Rajitha Sistu1, Sushma Tiwari1,5,*, M.K. Tripathi1,5, Sangeeta Singh2, Neha Gupta3, Niraj Tripathi4, Ruchi Asati5, Rakesh Kumar Yadav5
1Department of Plant Molecular Biology and Biotechnology, College of Agriculture, Rajmata Vijayaraje Scindia Krishi Vishwa Vidyalaya, Gwalior-474 002, Madhya Pradesh, India.
2National Institute of Plant Genome Research, Delhi-110 067, New Delhi, India.
3School of Studies in Biotechnology, Jiwaji University, Gwalior-474 002, Madhya Pradesh, India.
4Directorate of Research Services, Jawaharlal Nehru Krishi Vishwa Vidyalaya, Jabalpur-482 004, Madhya Pradesh, India.
5Department of Genetics and Plant Breeding, College of Agriculture, Rajmata Vijayaraje Scindia Krishi Vishwa Vidyalaya, Gwalior-474 002, Madhya Pradesh, India.
  • Submitted04-07-2023|

  • Accepted11-10-2023|

  • First Online 19-10-2023|

  • doi 10.18805/LR-5204

Background: Drought is the foremost environmental restraint that effects the growth and yield of chickpea. The mechanism of response to drought differs with genotype and growth stages of individual crop species. The activation of antioxidant enzymes is an alternate defensive system against oxidative stress that ultimately decide development of putative drought tolerant mechanism.

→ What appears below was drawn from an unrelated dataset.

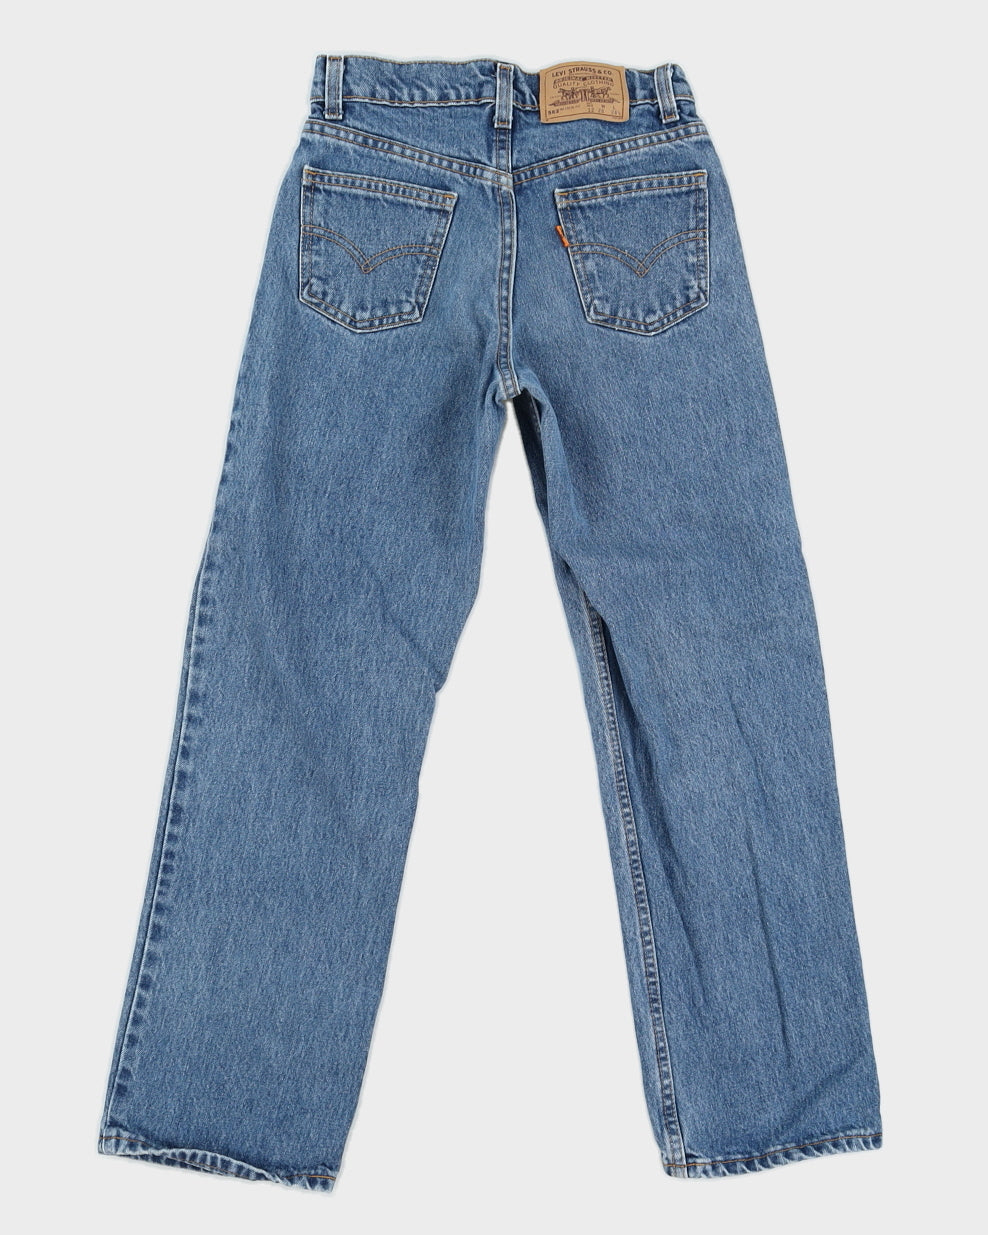 Vintage 90s Levi's Medium Wash Orange Tab Jeans - W24 L26

Methods: Eighty-three chickpea genotypes were grown under normal and drought stress conditions and leaf samples were used to estimate different biochemical parameters including total sugar, lipid peroxidation (MDA), chlorophyll, proline and protein along with estimation of  activities of different  antioxidant enzymes viz., catalase (CAT) (EC, ascorbate peroxidase (APX) (EC, superoxide dismutase (SOD) and peroxidase (POX).

Result: Positively significant correlation was found among proline under control with proline underwent stress (r=0.441), MDA under stress with proline under control (r=0.365) and MDA under control (r=0.336) at 1% level of significance. Positively significant correlation was also investigated between SOD under stressed condition with SOD under control (r=0.665), POX (0.449) and APX under stress (0.423), CAT under control (0.471) and CAT under stress condition (0.374) at 1% probability level. Heatmaps along with dendrograms represented expression levels of different antioxidant enzymes activities  that showed variations among different genotypes. In conclusion. total sugar, proline and Malondialdehyde, have been increased under drought stressed condition whilst total chlorophyll and protein were decreased. While antioxidant enzymes viz., POX, APX, CAT and SOD levels increased under drought stressed conditions.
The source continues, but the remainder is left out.